I think he's referring to the wi-fi connection


It's a good point-and-click from late in the "golden point and click" era.  It's more playable than Monkey Island because of the F10 function and a better balancing of objects/items/information per section.  It probably has a few more annoying impossible-puzzles than the Lucasarts games, but not too many more, and with the internet that's not the hassle that it once was.

So yes, it's recommended.  Probably its biggest failing is that Simon is not really likeable; he's very smug with his own genius but most of his "wit" involves repeating things with a sarcastic tone of voice.  It's interesting to compare to Monkey Island because mechanically, StS:2 is probably a better game.  But it's less enjoyable because the story-telling isn't quite as good.

Release date:     1995 on PC (now also available on iOS and Android)
Purchase date:   9 September 2014
Platform:           PC
Time spent:       10hrs
Developer:        Adventure soft
Lead Designer: Simon Woodroffe

Last word:  Mechanically superior 90s point and click adventure game.  Not as good at storytelling as the greats of this genre, but to be fair, that's a high bar.  Use the net if you get stuck, which thankfully won't be too often.


  1. What is a blog without followers? Pretty lonely I guess. Time to say hello again.

    Using a walkthrough is absolutely valid to me. Even back when I was a little boy and there was no internet around, me and my friend would buy various gaming zines and check out the tips/tricks/cheat pages. That's just how it is.

    And we had way more time at our disposal than I have today, running a family and showing up at work every day.

    Also some games are just not that approachable anymore. Maybe they never were in the first place. Perspective has shifted. I tried Ultima I for example and this is really a tough one to play today. All the AD&D games as well. Starts with character and party creation. Heavy stuff. And makes or breaks your game.

    Or Eye of the Beholder. Who the hell wants to draw dungeon maps on graph paper? 15 years ago that was the shit, today I just want to google for a map. Might take away the fun, but I want to see the game. I want to see many games. And I want to finish them. So as the world around me advances why not benefit from it? And there are still many game that require sheer skill. You can read a guide or check out a walkthrough on YouTube. In the end you need those button smashing skills.

    One of the next games on my backlog is Darkseed, an adventure game from 1992. I will use a walkthrough 100%. Me and my friend started Darkseed back when it was first released and WE GAVE UP. Pretty sure I won't make it today without looking up the puzzles.

    Cheers and keep playing,

    Andreas aka Fred Edison

    1. Followers most welcome! Actually now you mention it...where is my followers widget? I'll have to fix that. No followers = sad blog.

      Yeah I hate using cheats/walkthroughs but you're right, at the end of the day the point is to have fun, not jump through arbitrary hoops. That said I did map my way through BT1 about 7 years ago and had a blast. But not, I suppose, so much of a blast that I'd do it again.

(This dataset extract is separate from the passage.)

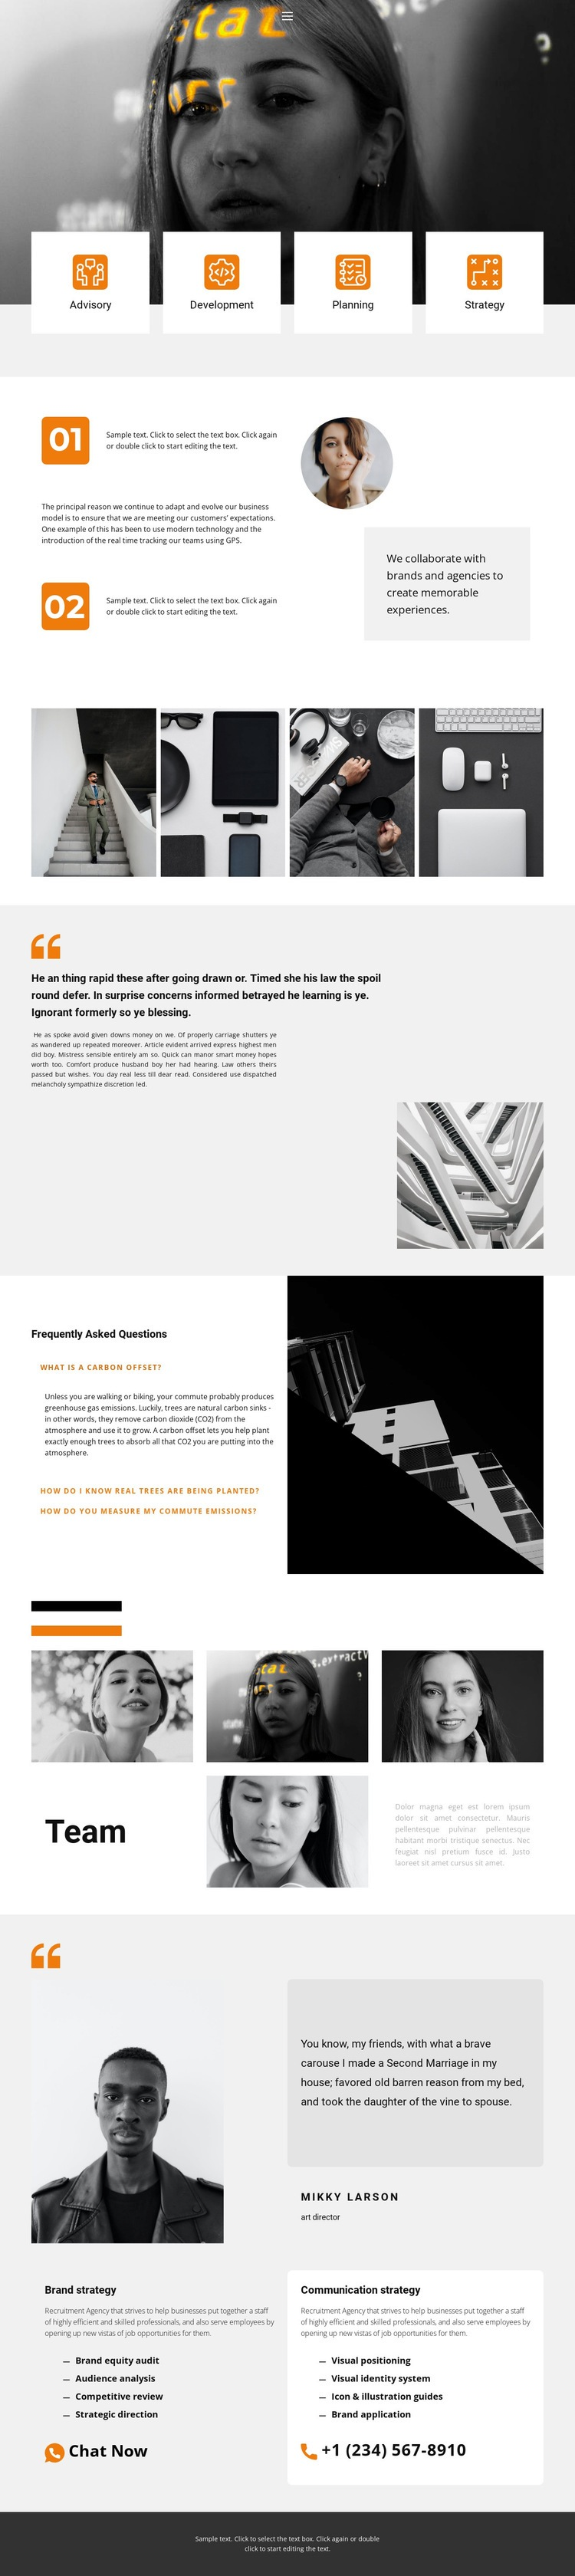 Personal designer Web Page Designer
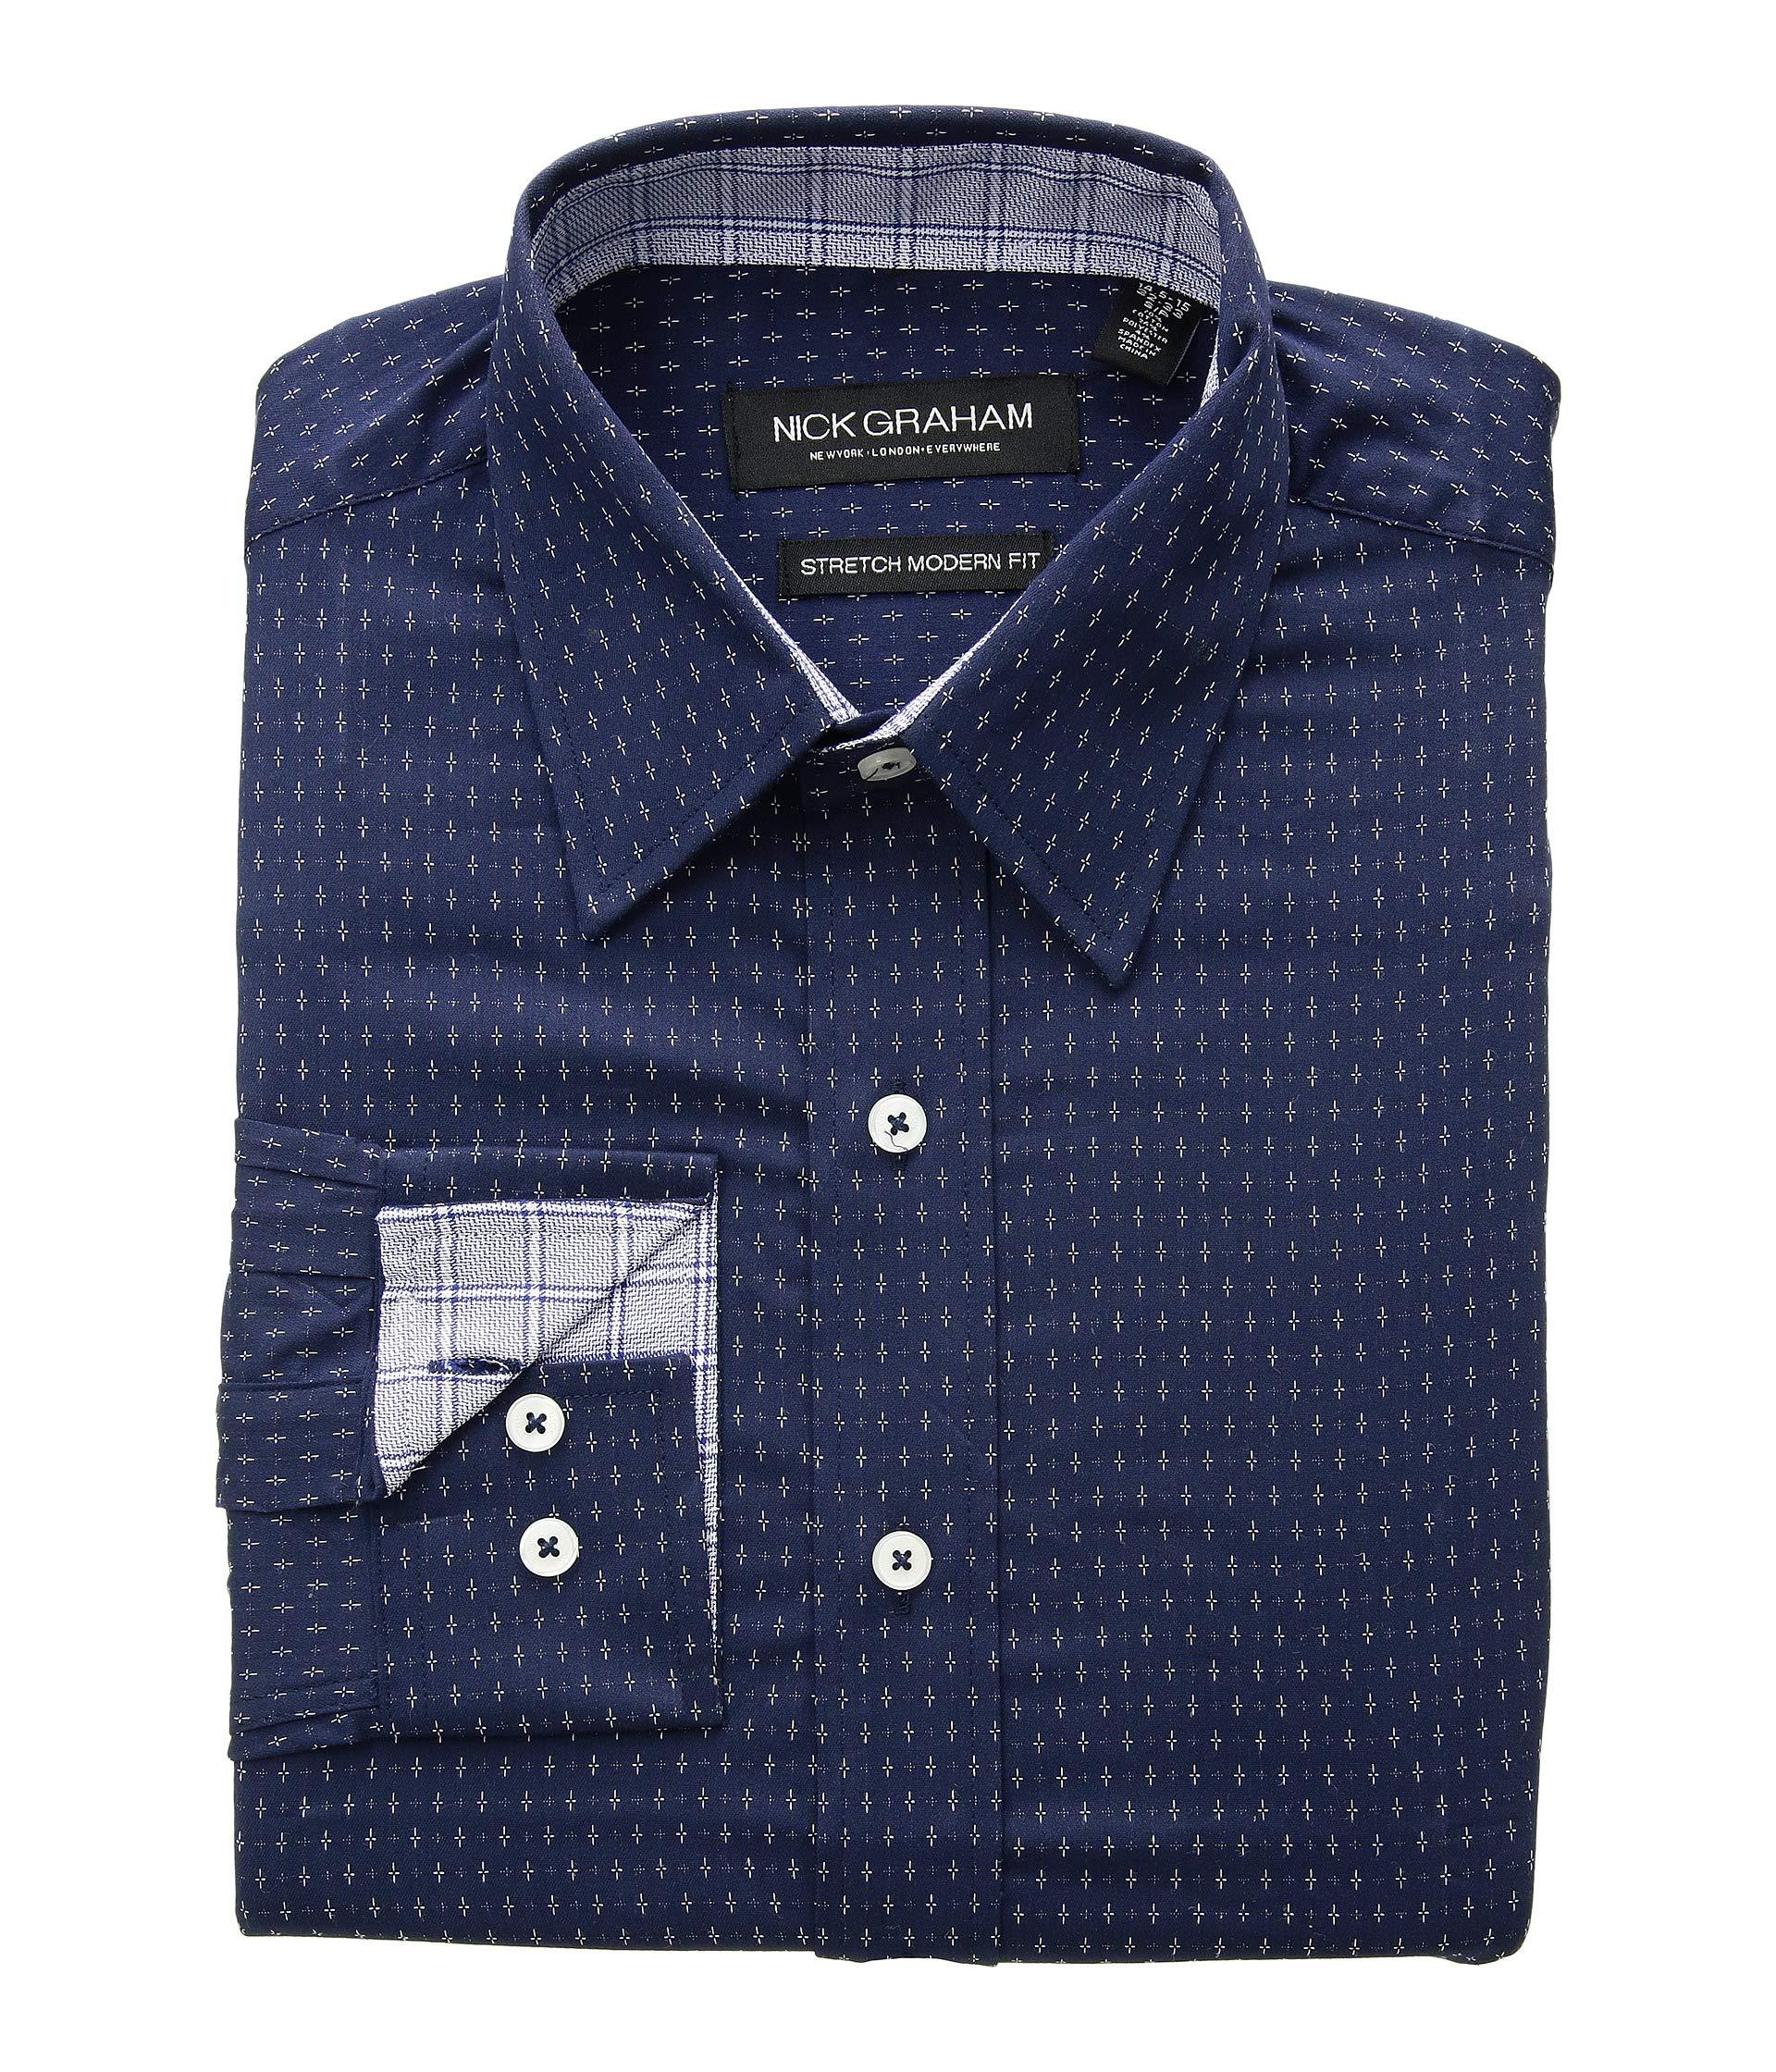 Navy Cvc Cross Dress Shirt Print Graham Stretch Nick Dot wAz8qAT

Especially with so many good games to see out there.

      The info dump at the start of an RPG is an interesting point - booting up Wizardy 8 I spent something like 4 hours just getting a grip on different class/race combinations. I love old-skool RPGs but one thing I do NOT miss is being forced to make game-long decisions about classes/races/skills when you haven't started the game so have no way of knowing what works and what doesn't.

      On that point - have you tried Wasteland 2? It's a modern RPG that uses a lot of old RPG conventions, such as the infodump at the start. It's interesting to see which of those old conventions hold up and which ones don't. I love the game but (for eg) the design practically begs for save-scumming, a standard in Wiz 6 + 7. Which is about as fun as sitting around rolling a pair of dice until you come up double-six (i.e. no fun at all).

      Darkseed! I will be watching your blog with great interest for that. I wanted to play that game so much as a kid, I even have the physical copy lying around. But could never get it to work on my machine, so damned buggy. Where are you getting it? Is it on GOG or Steam or such?